Ecologists are intrigued by how communities assemble following disturbance because it provides unique insight into the dynamic nature of ecosystems through time. The arrival of seeds of different species to disturbed areas undergoing succession depends on both deterministic (dispersal ability) and stochastic (movement of individual seeds) factors. Similarly, local competitive dynamics depend on deterministic environmental filters on species traits, as well as demographic stochasticity. Traits corresponding to dispersal strategy, phenology, life history, and growth all influence community interactions at the neighborhood scale that ultimately influence local community composition and diversity. Successional patterns in the distribution of species traits are expected to be more deterministic than successional patterns in species composition, but either pattern could be primarily deterministic or stochastic (i.e., nearly neutral) depending on rates of seed arrival. In 1980, Mount St. Helen’s erupted and reconfigured the landscape into an ecological blank slate. We used 30 years of plant species composition and abundance data along with associated trait data to develop an individual-based stochastic model of plant succession.
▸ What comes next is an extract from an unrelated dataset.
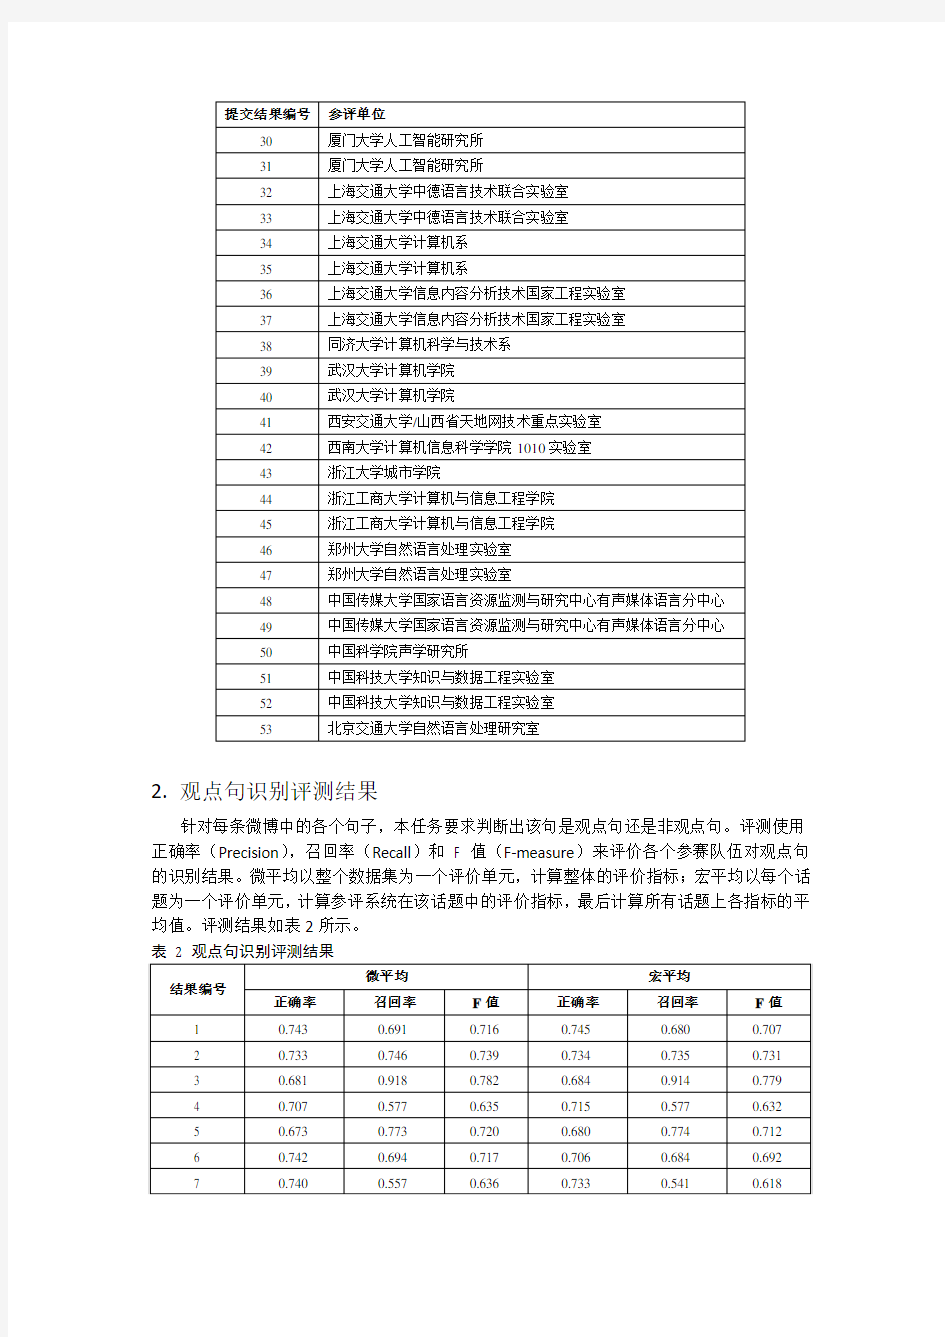 中文微博情感分析评测结果(2012)

This model examined how random versus deterministic processes dictate the trajectory of species composition and trait distributions as plant-available nitrogen builds over the course of primary plant succession due to biological nitrogen-fixation.
Results/Conclusions
The model builds up from easily measured plant traits (e.g., seed size, leaf mass per unit area, leaf nitrogen concentration) to formulate the carbon balance of individual plants competing for nitrogen. The model predicts successional patterns that ranged from highly random (i.e., nearly neutral) to highly deterministic (niche-structured) depending on the degree of isolation (distance from seed source, which determines seed arrival rates). As expected, successional patterns in the distribution of plant traits were more deterministic than successional patterns in species composition. In addition, we found that traits related to nitrogen and carbon acquisition and allocation, such as leaf nitrogen concentration and root:shoot allocation, were non-randomly spaced over the course of succession, which suggests a limiting similarity for local coexistence of successional types. However, non-random patterns became weaker as seed dispersal became more limiting. Linking observed and modeled plant trait distribution patterns gives us insight to potential mechanisms that affect succession and recovery following a disturbance. Using theoretical tools to link pattern to process will allow us to build upon our understanding of how communities assemble and also allow us to predict how ecological communities will respond to large-scale disturbance events.